Postscript: V, as it happened, moved into a condo in a complex near the apartment I shared with my sister. This was coincidence; we had not been in touch, and she’d have had no way of knowing it — especially since she’d transferred in September to teach at a different high school. But she tracked down my phone number somehow, and invited me over. We split a bottle of wine, talked pleasantly but (as I remember) about nothing of substance, laughed from time to time, and then parted ways. I ran into her in a shopping mall one more time, in early 1979; again, we chatted without rancor or recrimination, and that was the last I saw of her.
About the playlist…
It’s shorter than the previous ones — which, as I mentioned, probably doesn’t surprise me. Aside from the preoccupations described (hinted at, more like) above, I think I was just, well, enjoying music less. I’d never been much of a dancer, but disco, via AM radio, was forcing the issue: Put up or shut up, it was saying to the audience; Take it or leave it. This is what I’m offering you now. I took that bet, and started listening less to AM radio, more to the edgier FM stations — and began buying music, in the form of LPs, more than I had for years. Which translated, largely, to buying music I already knew I’d enjoy. (“You tell me that it’s evolution/Well, you know/We all want to change the world…But when you talk about destruction/Don’t you know that you can count me out”: still in my late 20s, and already verging on pop-culture fuddy-duddiness.)
Some specific notes:
- Following my usual practice, I started building this playlist by referring to the year’s “Billboard Year-End Hot 100 singles” list (per Wikipedia). And the only selection criterion was unchanged: if I remembered the song coming out of a car radio, onto the list it went; otherwise, nope. Now, seeing what I’d overlooked or ignored was an… instructive experience. Hall & Oates! David Bowie! Queen, for crying out loud! Indeed, the two Fleetwood Mac songs on my list are there only because they became important to me in later decades — not because I would’ve cited them, given the same criteria, by the end of 1976 itself.
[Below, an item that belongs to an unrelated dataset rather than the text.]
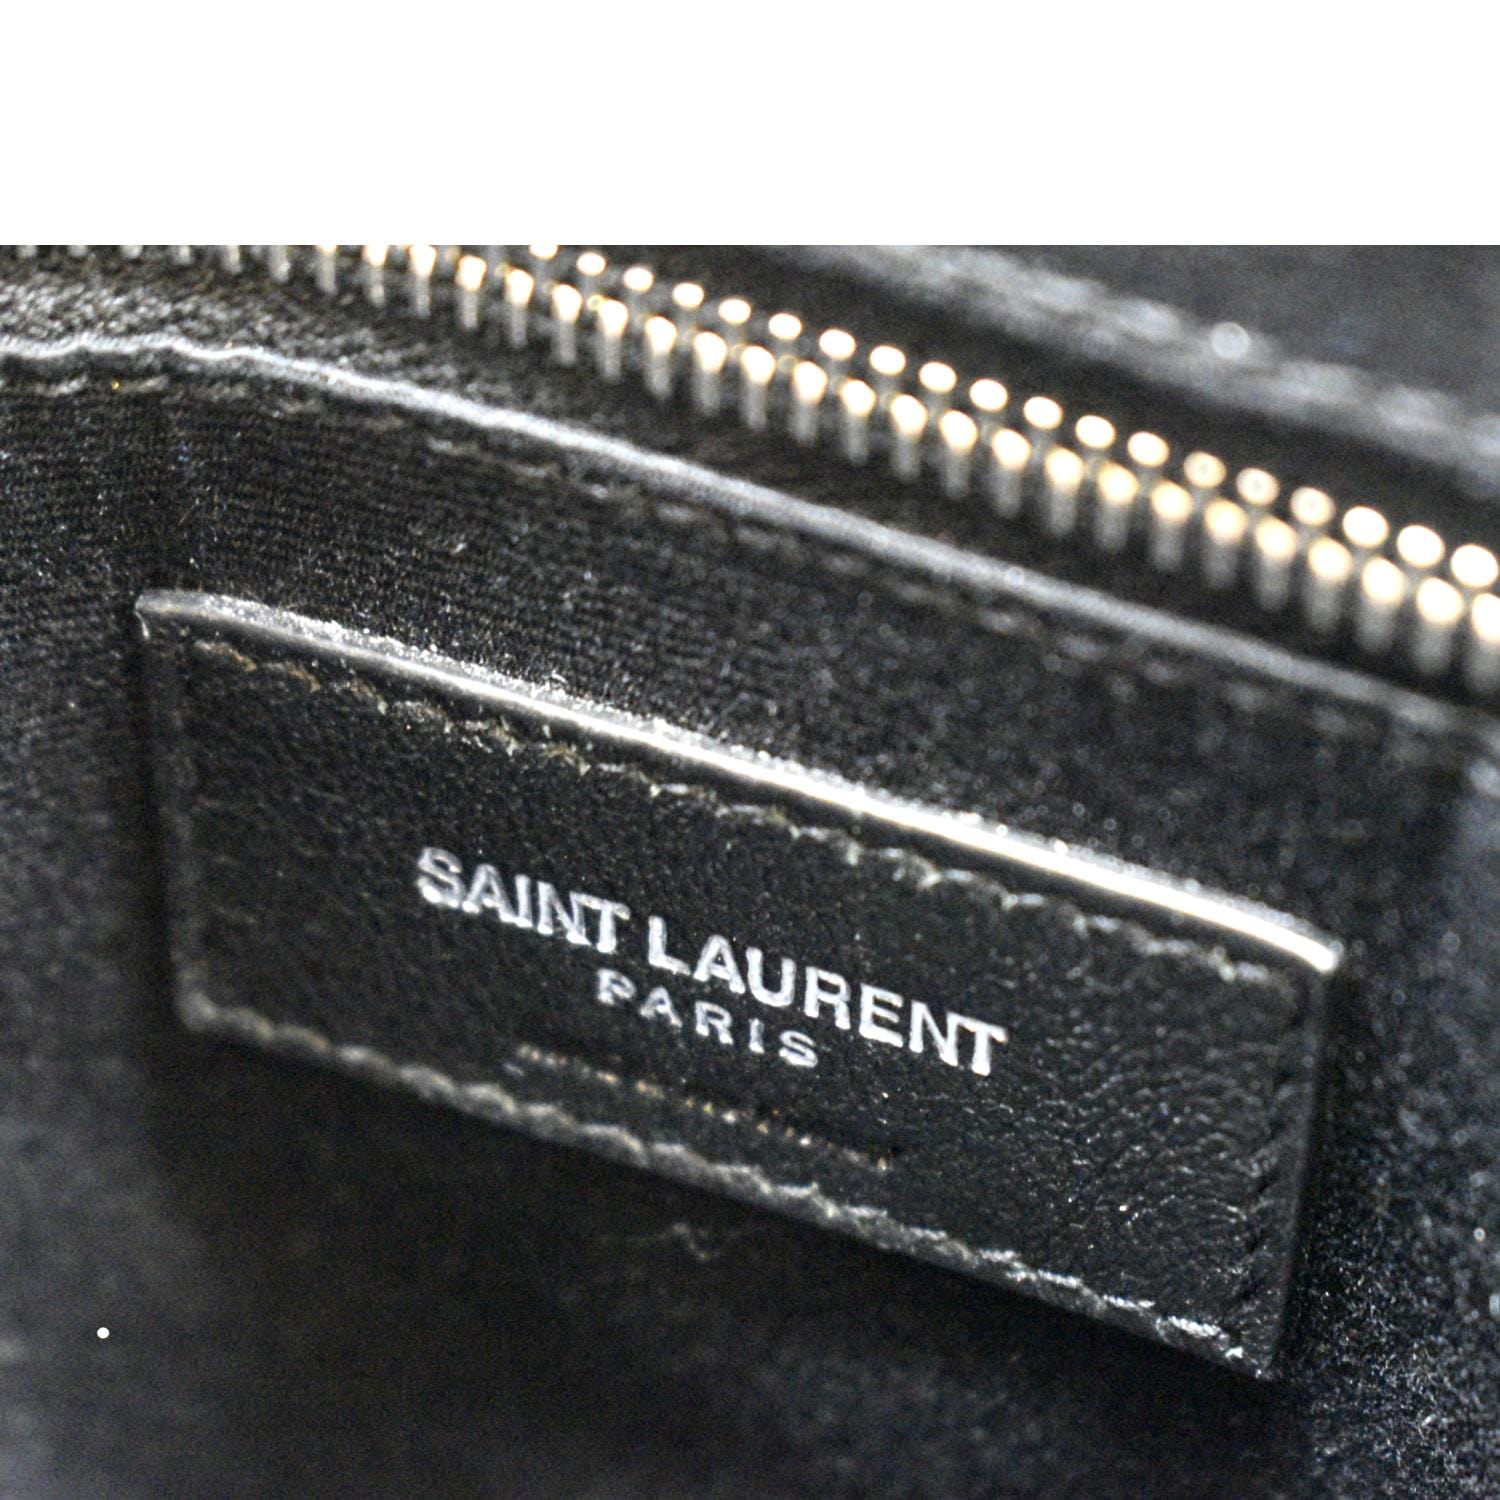 As you can see in the fake vs real Yves Saint Laurent Loulou bag

- “Convoy”: what a, well, bizarre hit song. It rode the coattails of the then-current fad for CB radio, and also directly referenced current events of the time — 1974’s National Maximum Speed Limit law, which had imposed a 55-miles-per-hour limit in response to a gasoline shortage. In retrospect, I wonder if this might not have been a precursor to later “The government is taking away our freedoms!” extremism.
- The Beatles, jeez, yes: “Got to Get You in My Life” had first been released in 1966, on the Revolver album… but hit the Billboard list again ten years later thanks to an anthology of the band’s hits.